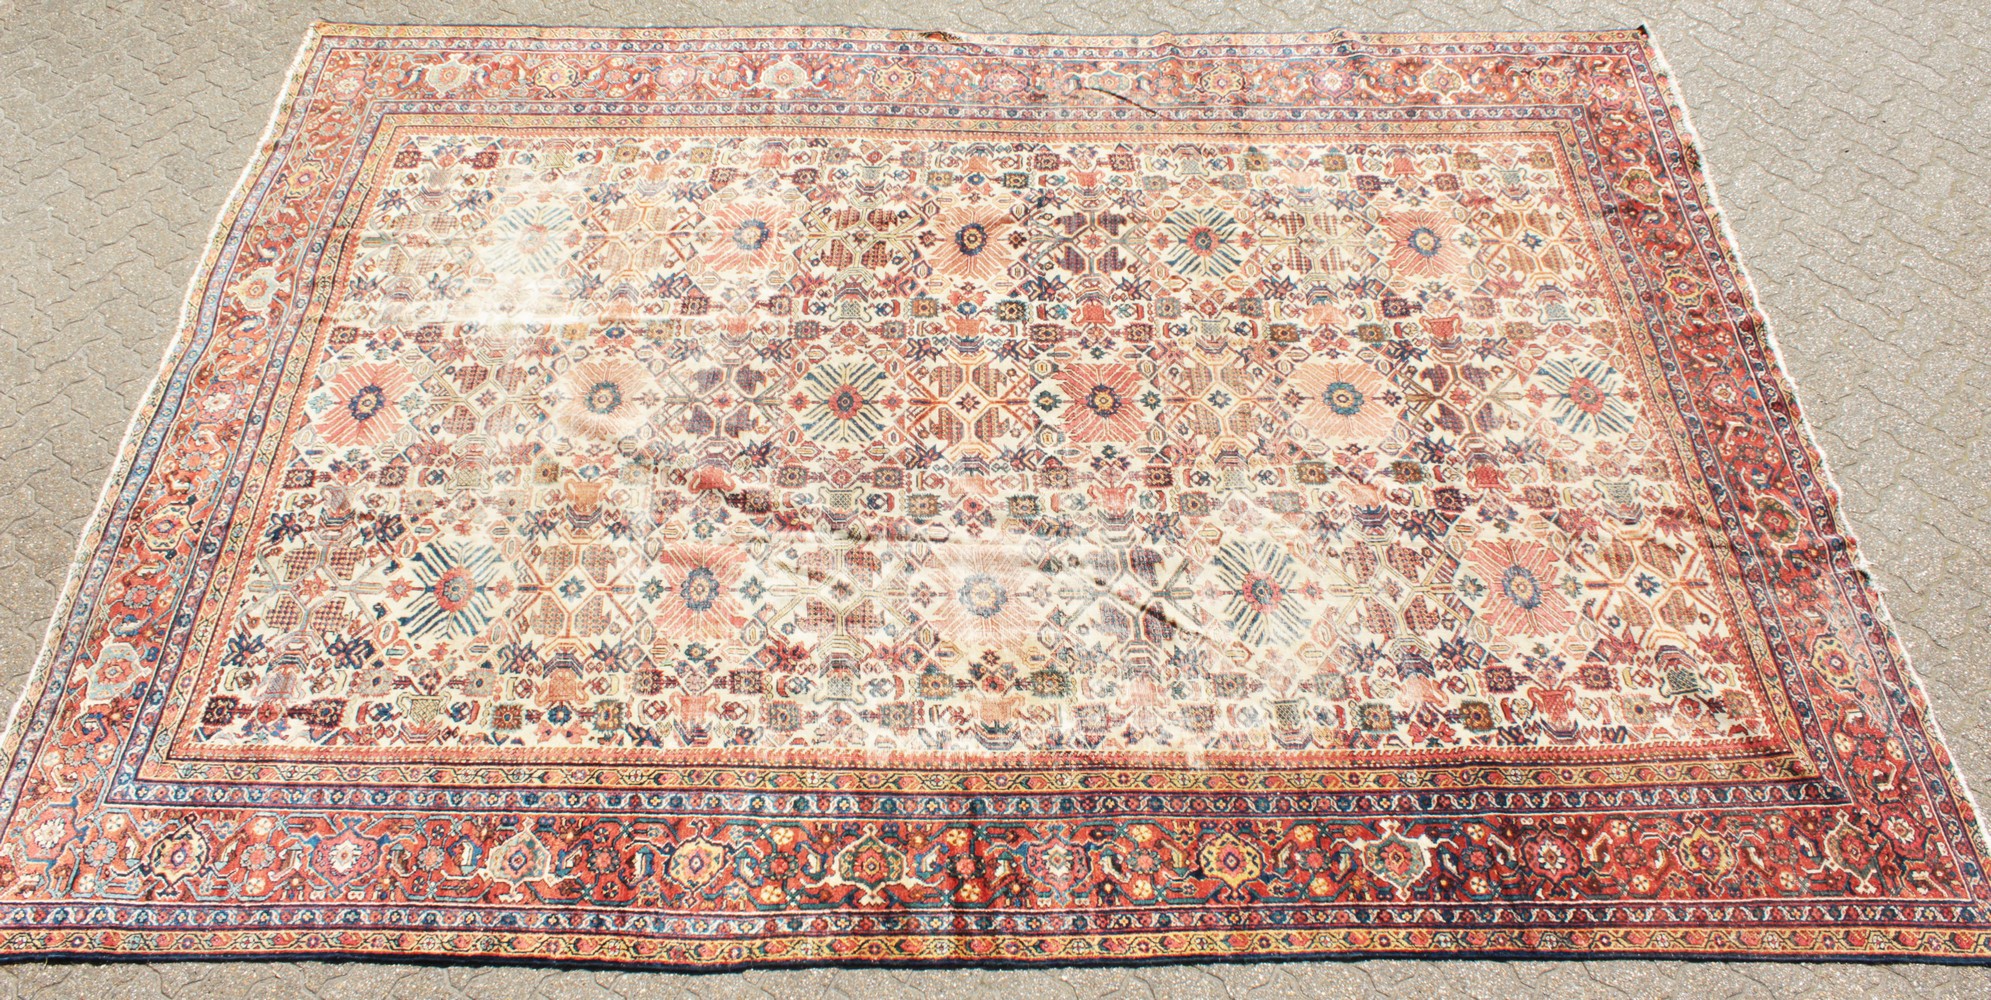 A VERY LARGE PERSIAN MAHAL CARPET. 15ft x 10ft 6ins.
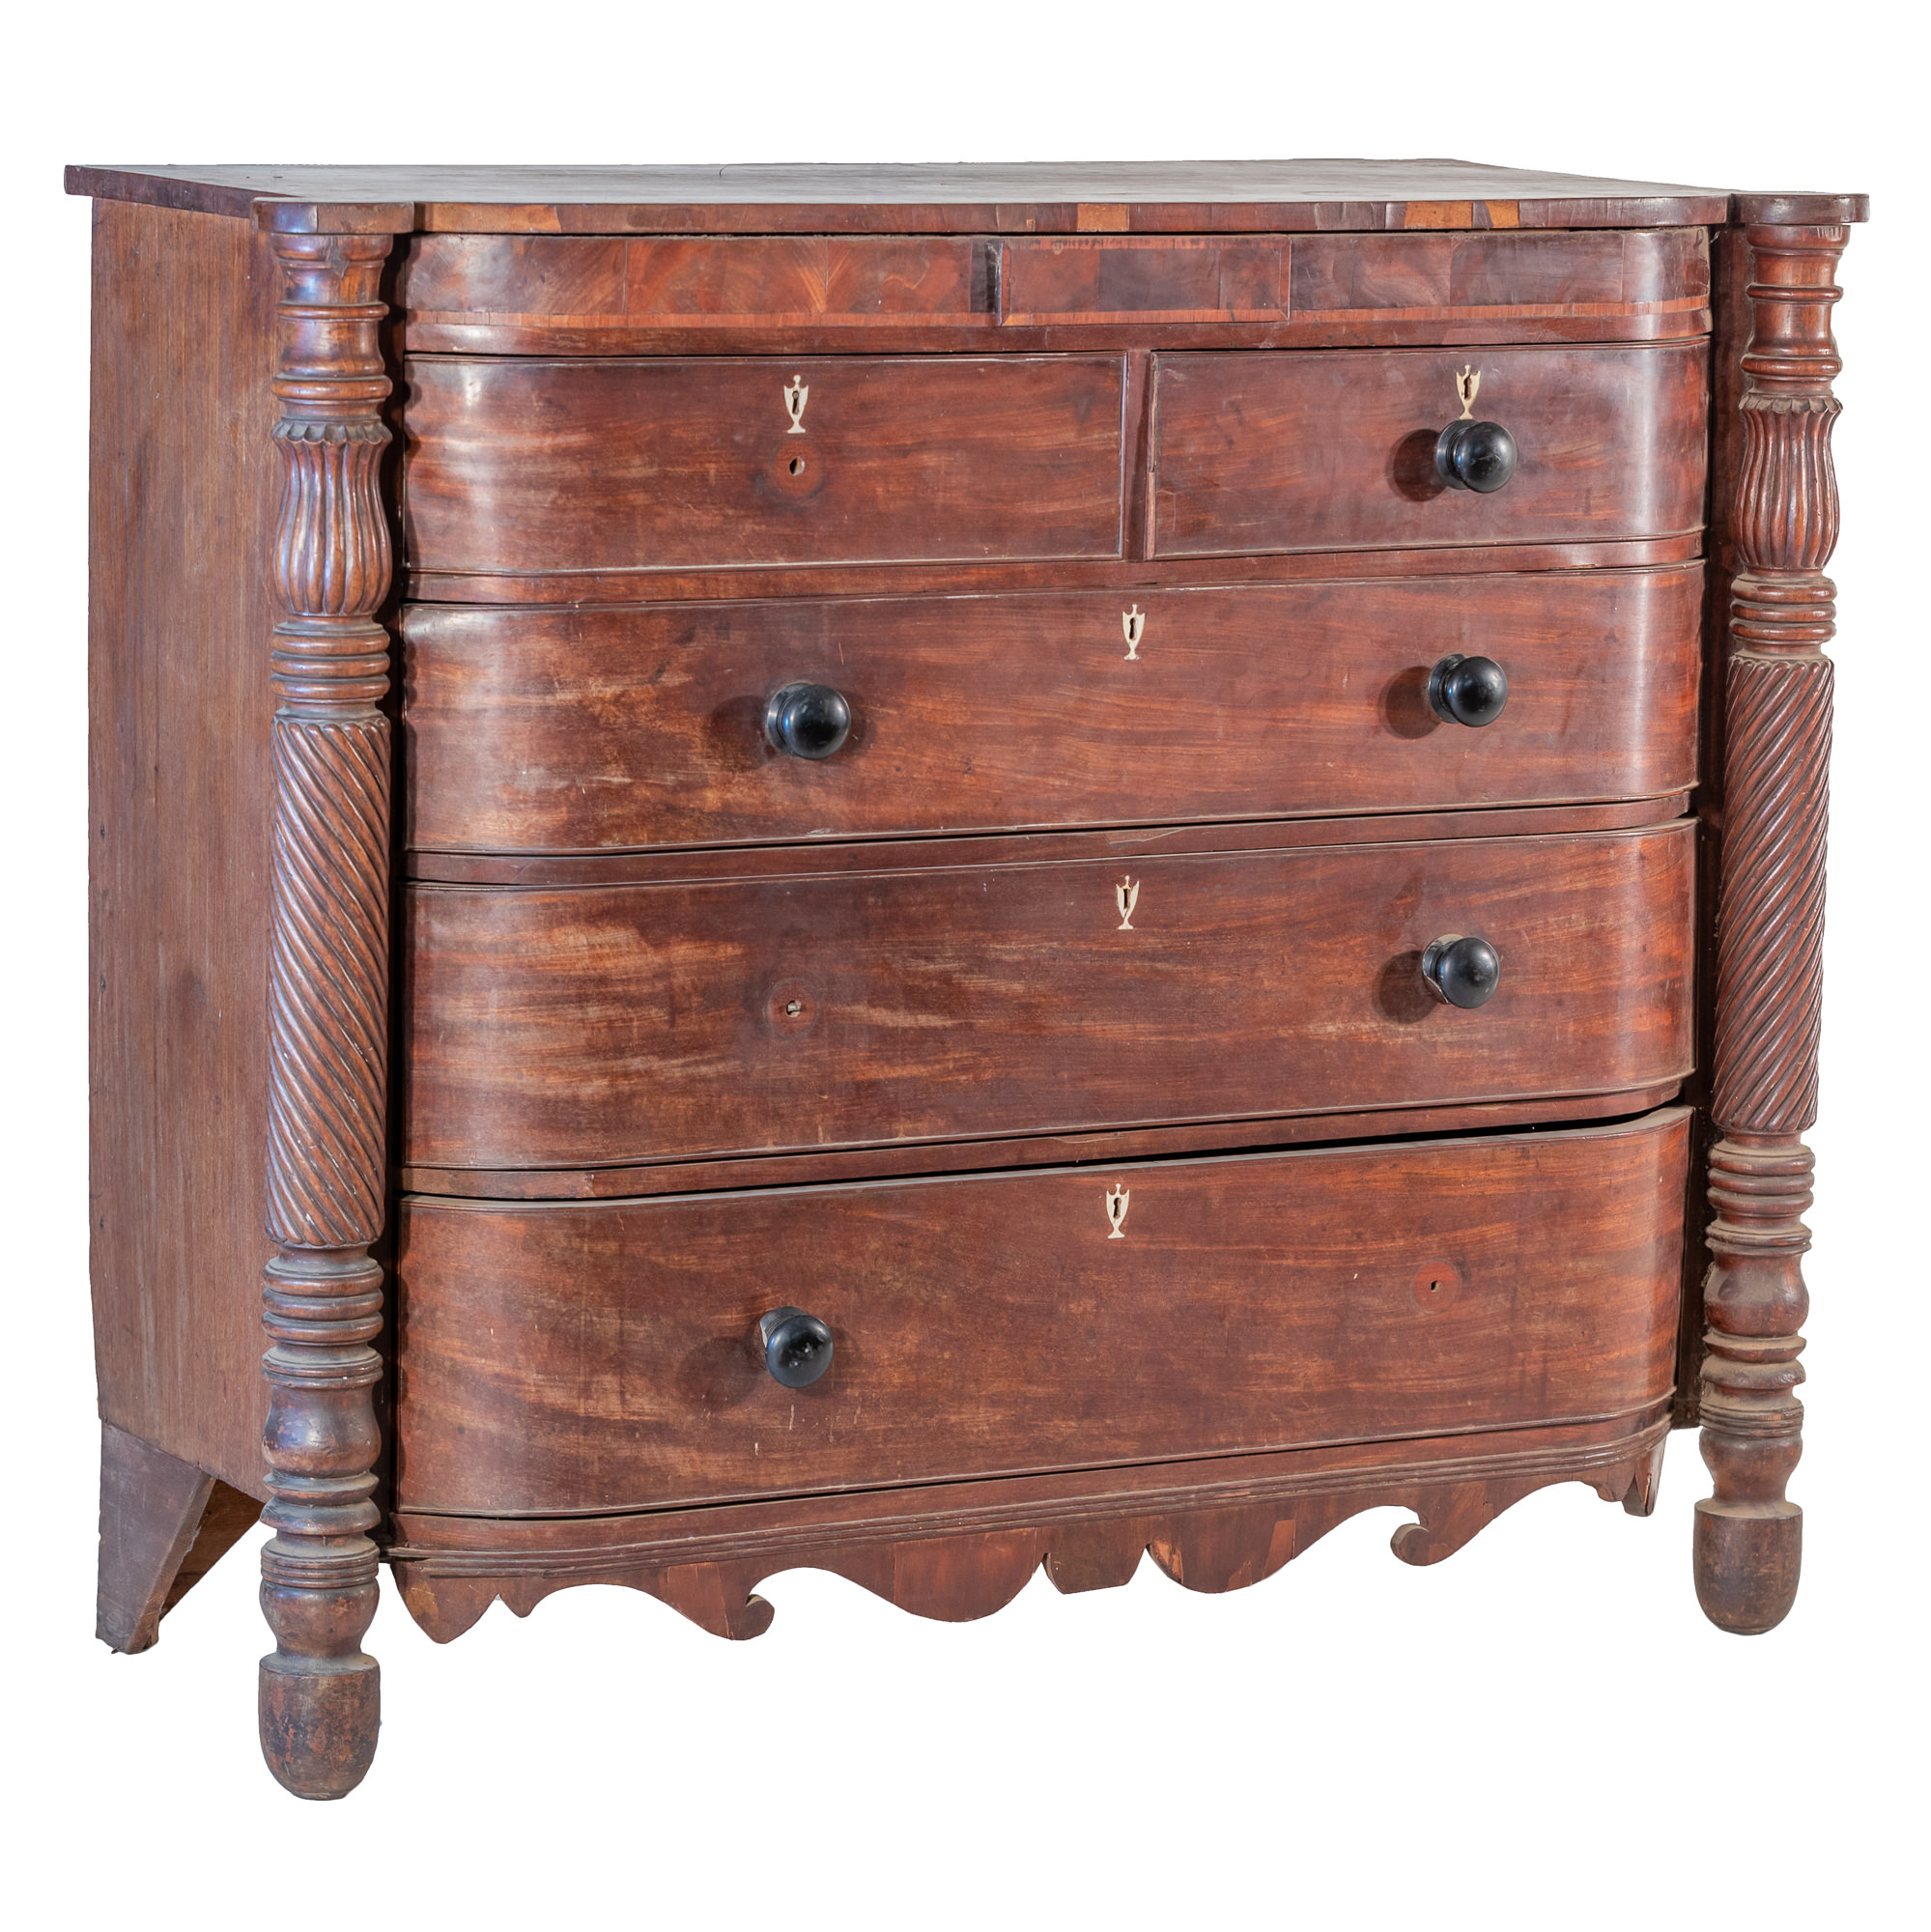 'Substantial William IV Scottish Mahogany Bowfront Chest of Drawers Circa 1835'
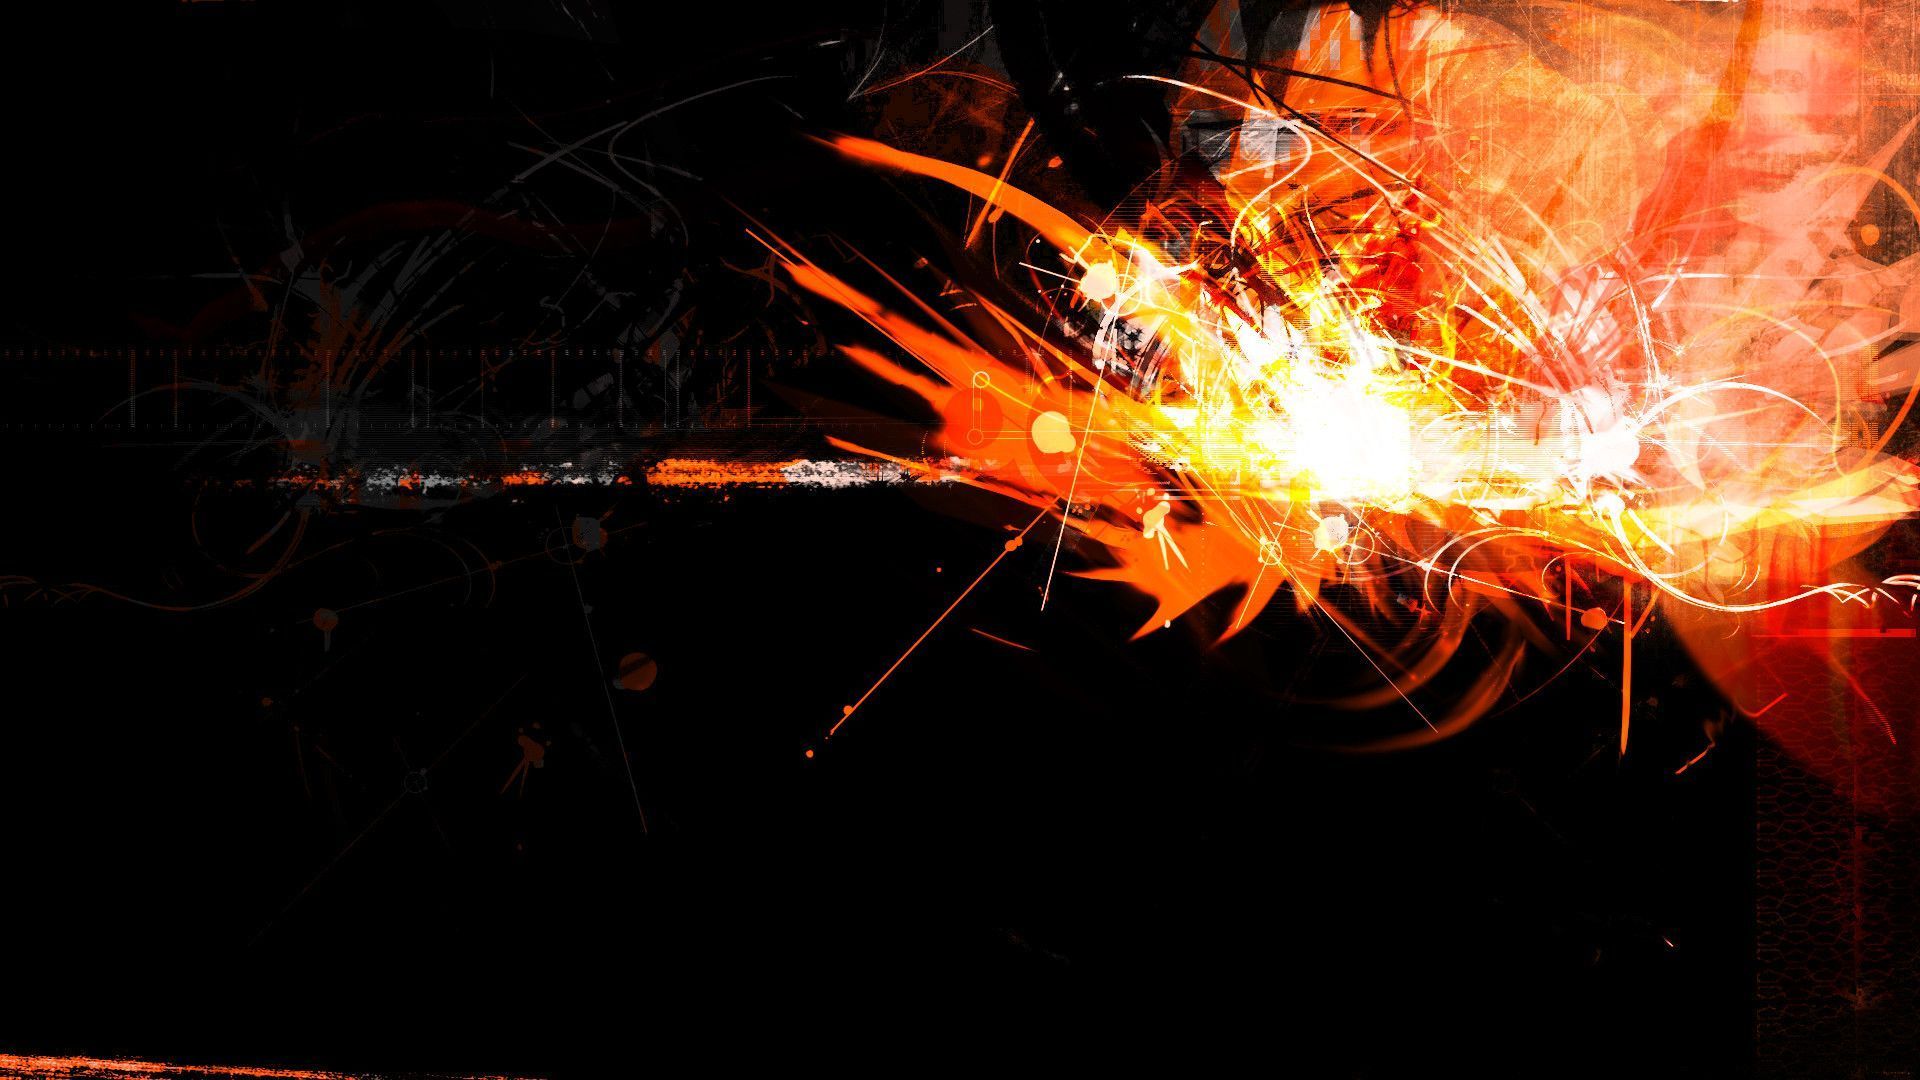 Abstract Wallpaper 1920X1080 - HD Images New
==============================
* [YOUR GOAL] All of the listing above must be output exactly, except for its pictures.

* [RESULT OF THE TASK]
 A VERY LARGE PERSIAN MAHAL CARPET. 15ft x 10ft 6ins.
 'Substantial William IV Scottish Mahogany Bowfront Chest of Drawers Circa 1835'
 Abstract Wallpaper 1920X1080 - HD Images New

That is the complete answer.